6章 リーダーの2タイプ:リーダーシップとモチベーション

○リーダーの2タイプ:成果型と成長型リーダー

 モチベーション向上のお仕事で、メーカー、サービス業、インフラ事業の、のべ約2,000人の部課長さんとお会いし、かつ、そのモチベーション診断レポートに基づいて対話しています。また、ベストプラクティスレポートという、モチベーションの高い職場での上司の取り組み事例集のため、約100の部課長さんに取材し、のベストプラクティスレポートを作成してきました。その観察からリーダーには主に2タイプあると感じています。

 リーダーには色々な分類があるうちの、一つの分類法ですが、「仕事」と「人」という軸によるものに当てはまりました。「業務・課題中心」と、「人間関係中心」という分け方です。

・仕事への関心リーダー(成果型)

 仕事に成果に強い関心があるが、部下に関心が薄いタイプです。仕事の出来、パフォーマンス、完成度には関心がありますが、部下が疲弊しても関心がないとうタイプです。どちらかというと戦時型。ぎちぎちと回さざるを得ない戦時の場合、しょうがないこともあります。成果型リーダーは今の資産を使っている感じです。短期戦を戦っているので仕方がない。したがって、疲弊感が強い。ぐるぐる回っている状態ですから。異動希望や離職率が高い傾向があります。会議も緊張感が漂い、意見があまり出ません。

・部下の成長への関心リーダー(成長型)

 部下に対する関心が強く、仕事を通し部下を成長させ、仕事の成果を高めようとするタイプです。先の「人間関係中心」よりむしろ「人間成長中心」のタイプです。要するに、仕事は道具であって、人が伸びる。人が伸びることで、仕事も伸びる、というリーダーです。根っ子を伸ばしている。このタイプでは、長期的には人が成長しているので、仕事も成長します。成長していますから、つらくてもなんとなく伸びている感じがあり、心の元気が続きます。したがって、定着率が高い。

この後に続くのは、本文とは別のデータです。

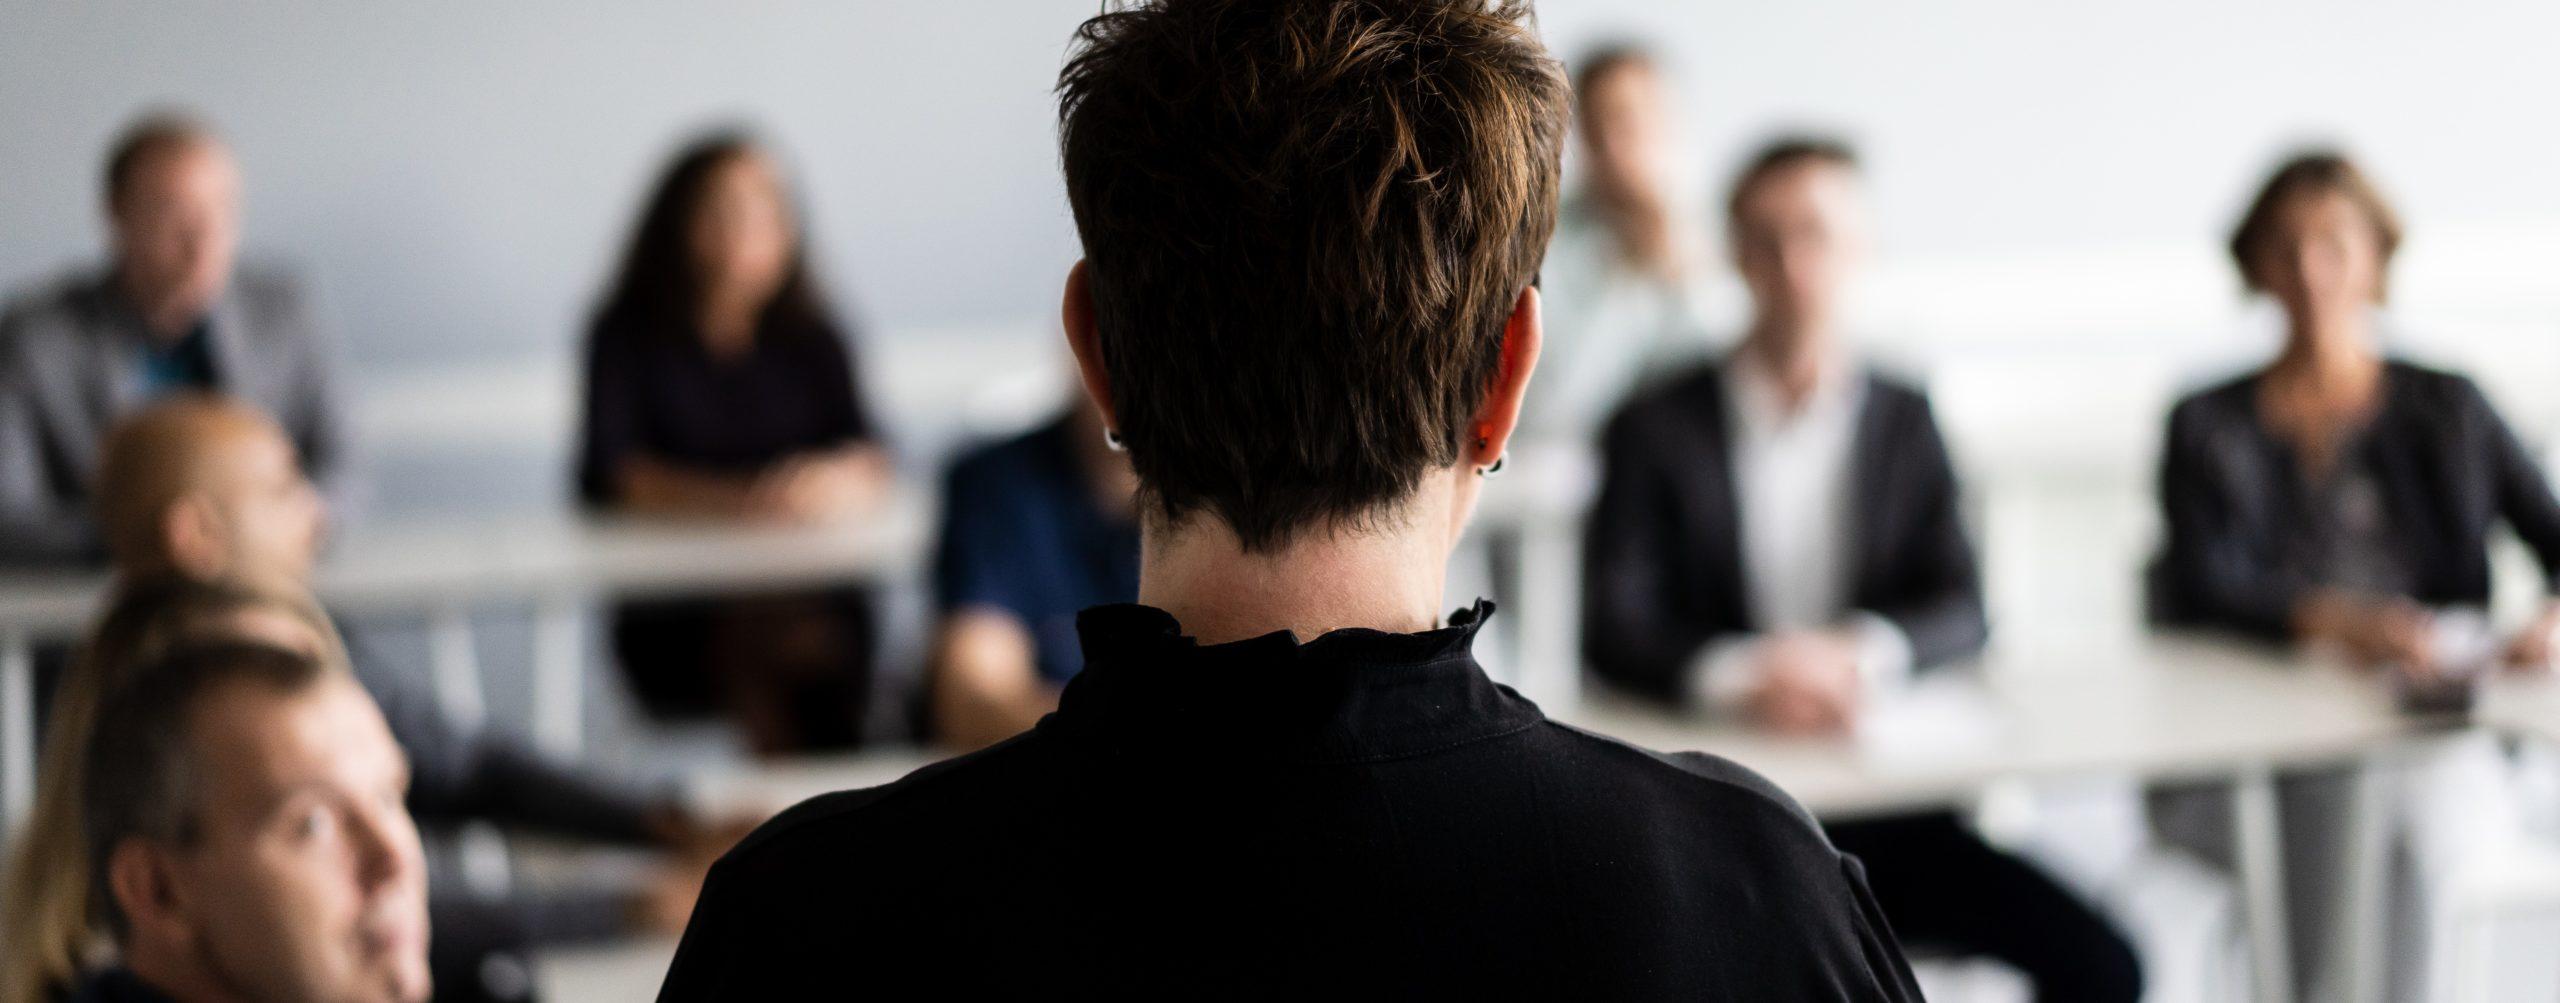 NCOD Opleidingen, opleider, publieke sector, les

 職場の活気があるリーダーは漏れなく、継続的に成果をあげ、かつ、部下に関心を持ち、良いところを発見し、伸ばしてあげようという暖かい心を持っていることです。高い厳しい目標にも、チームで一生懸命楽しく取りもうという、兄貴や親父的存在を感じました。

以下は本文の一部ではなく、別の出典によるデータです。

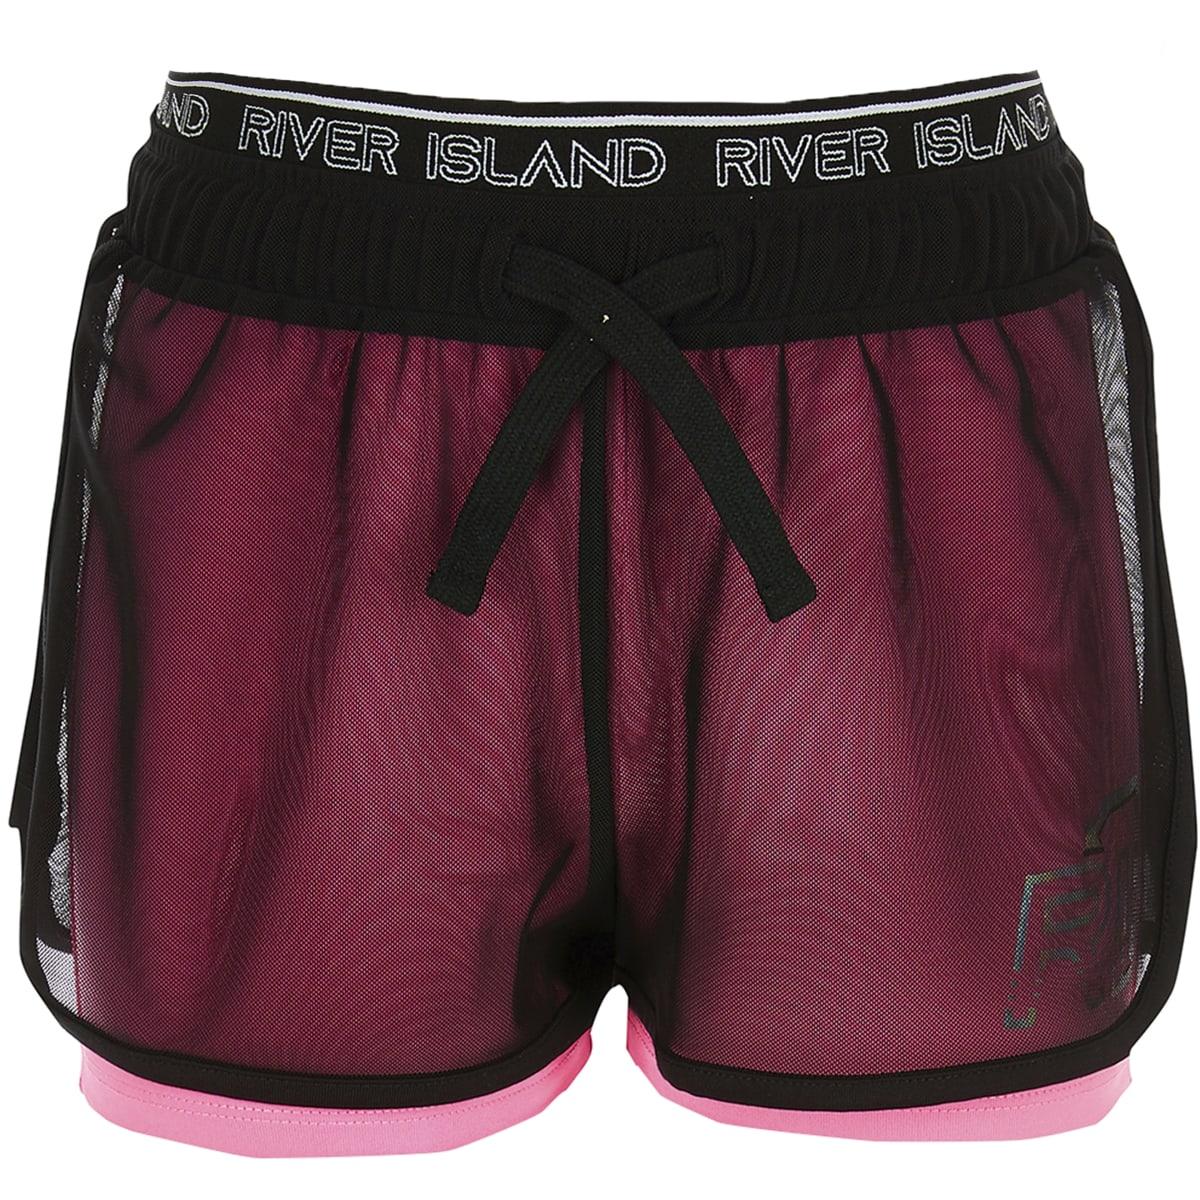 Girls RI Active pink mesh layered shorts

 もう一つの特徴は、職場を家族と言い換えるのを共通項としている点です。「職場には8時間から10時間いて、一緒に仕事をしている。起きている時間の半分以上。家族との時間より多いかもしれない。であれば、家族と時間を過ごすように、お互いを大事にし、成長させ、気持ちよく仕事をしたい」というものです。会議では、成長型はわいわいがやがやしている。

○飲み会がリトマス試験紙

 「成果型」か「成長型」かを見分けるリトマス試験紙は、飲み会の出席率、7~8割です。成長型は7~8割以上、成果型は7~8割以下。なぜかというと、仕事を離れてまで一緒に飲みたくない。個人に興味ないですから、飲み会でも仕事の話をする。ある人は、「上司は私には興味がない、私の仕事にしか興味がない。飲みに誘われても、仕事の話かと思うと断っていました。」と証言しています。

○バランス

 全部が全部、成長型がいいとは言っていません。バランスだと思います。成果型でやらざるを得ないこともある。状況判断しながらバランスよく両方できることが大事です。くれぐれも、「成果型」100%はご勘弁下さい。